Michael Salad, another associate in the group, added that while some IT staffers have security training, outside consultants can offer vulnerability and protection testing. “Some of the most sophisticated clients will find several dozen places where they can improve.”
The trouble isn’t over once a breach is addressed and reported, they pointed out: nonlaw enforcement agencies may come calling.
“Once a company gets on a radar screen in one area, there is a risk they become subject to scrutiny in other areas as well,” Hughes said.
Sandra Jeskie—who leads the Philadelphia-based Duane Morris’ information technologies and telecommunications group and is former president of the International Technology Law Association—noted that a breach isn’t always a hacker’s doing.
“The thing that … just doesn’t get as much press as it should, and should be more focused on in corporations, [is] the inadvertent disclosures,” Jeskie said, adding that even a lost laptop or a mistakenly addressed email can trigger a legal reporting requirement.
Gregory Parks, co-head of the privacy and cybersecurity practice at Morgan, Lewis & Bockius in Philadelphia, a litigator by training, said he now devotes most of his time to his cybersecurity practice. A total of about 85 lawyers firm-wide are handling such matters to one degree or another, he said.
Last year’s data-breach headlines prompted an uptick in calls from clients, Parks added.
“It is absolutely a constantly evolving thing,” he said. “This is something that every company needs to work on constantly, all the time. You can never say, ‘OK, we are done with cybersecurity.’”
Developing a Cybersecurity Practice
Launching a cybersecurity practice requires significant groundwork. Some lawyers went as far as saying that it’s simpler for a technology professional to learn the law than it is for a lawyer to learn technology.
When e-discovery rules in New Jersey and elsewhere were in flux in 2006, that was “a unique opportunity to delve into these issues deeper,” according to Pinguelo, who said addressing technical issues in litigation and non-litigation matters, as well as working with legislators, helped him develop a core of knowledge. “I can’t think of a better way to bone up on these issues than to be on the front lines.”
Stio said “law firms have started to recognize that this is an area where the law is changing,” but “those on the forefront started doing that seven-to-10 years ago.”
“Any lawyer that is going to engage in this type of practice is going to find a way to educate themselves on these kind of laws,” Stio said, adding that Pepper Hamilton’s breach response team includes lawyers from various practices, some of them industry-based: litigation, labor and employment, corporate and securities, white collar defense, health care, and financial services.
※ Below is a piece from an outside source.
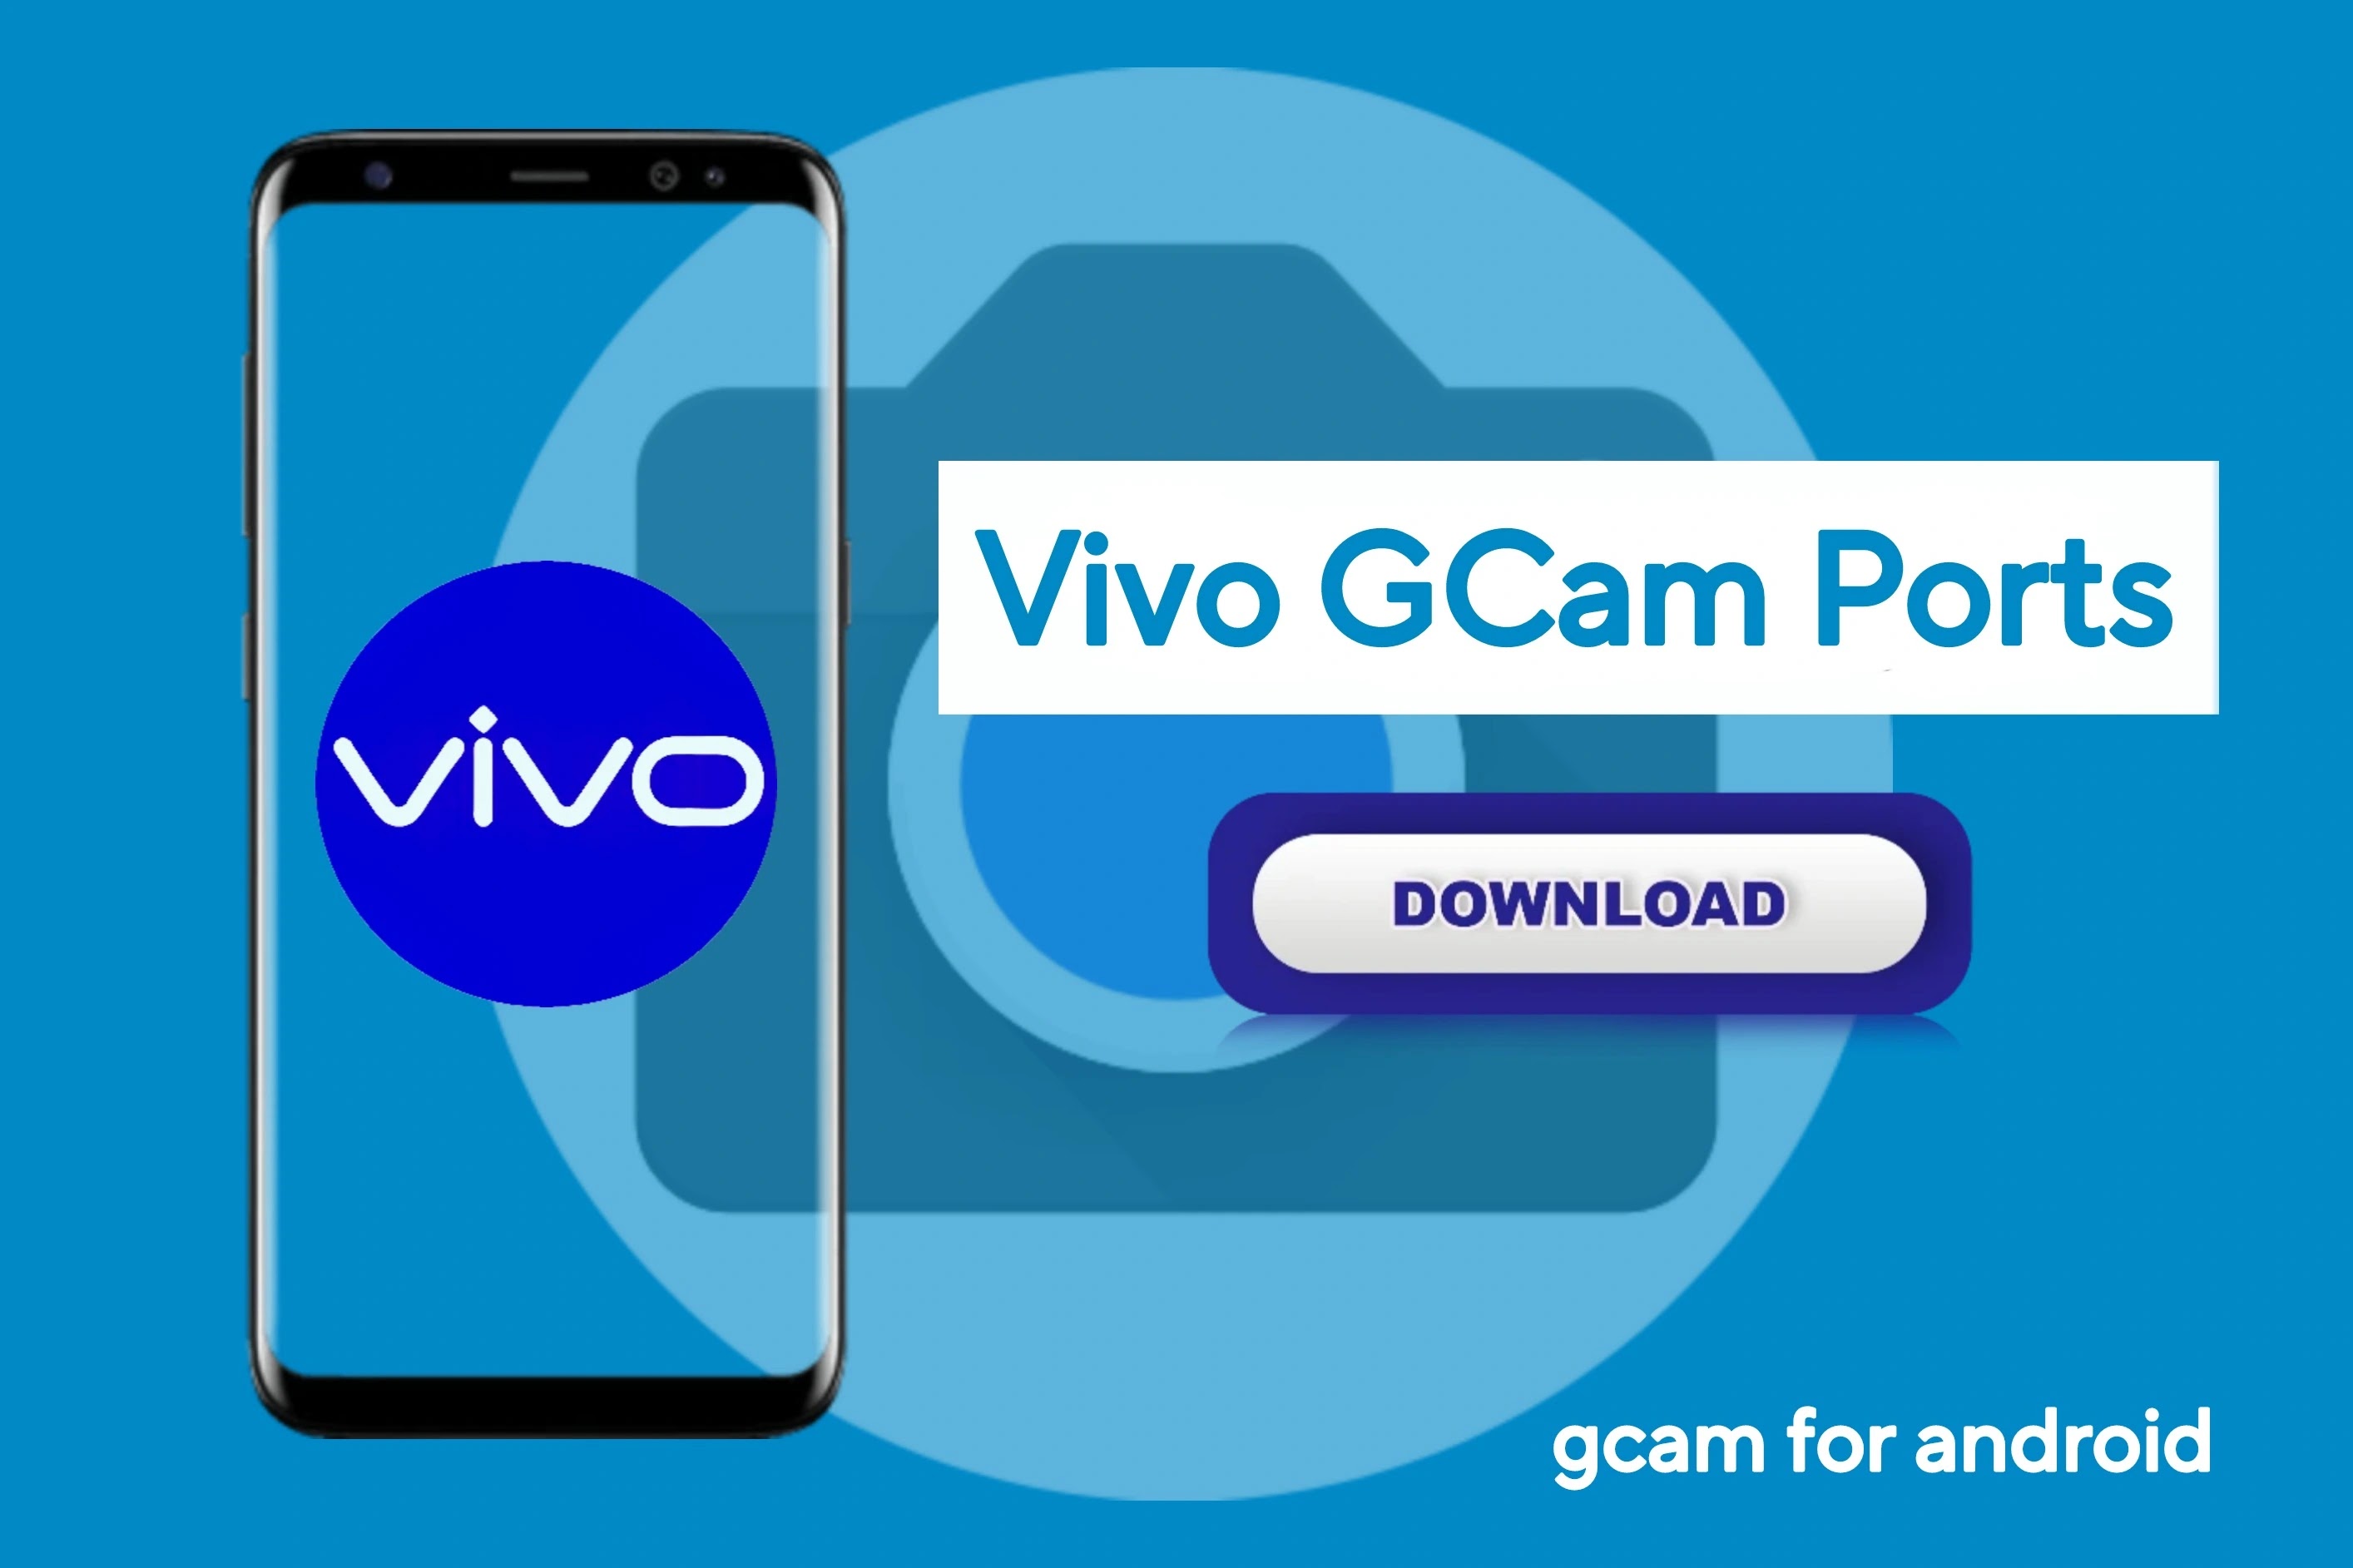 Vivo Y200 Gcam port download

Marketing, at this stage, is mostly through word-of-mouth, lawyers said, though even that is challenging when “companies are loath to disclose publicly that they’ve had a data privacy problem,” according to Christie. Still, client referrals are becoming more common, he said.
Billing for cybersecurity work is approached differently depending on the firm. At Morgan Lewis, a lot of the work is done on an hourly basis, but some tasks, such as developing an incident-response plan or conducting privacy audits, lend themselves to fixed fees, Parks said.
Timothy Blank, who chairs the cybersecurity and data privacy group at Dechert in Philadelphia, and Vernon Francis, a partner in the group, said billing for cybersecurity work is approached the same as any other practice, though some tasks, particularly litigation and government investigations, are suited to hourly billing. Dechert, like Morgan Lewis, is willing to conduct audits for a fixed fee, they said.
Pinguelo, who teaches an e-discovery course at Seton Hall University School of Law, said client demand for cybersecurity services will continue to grow, but building a strong practice takes time.
“Any firm looking to get in this area—they need to recognize that,” Pinguelo said.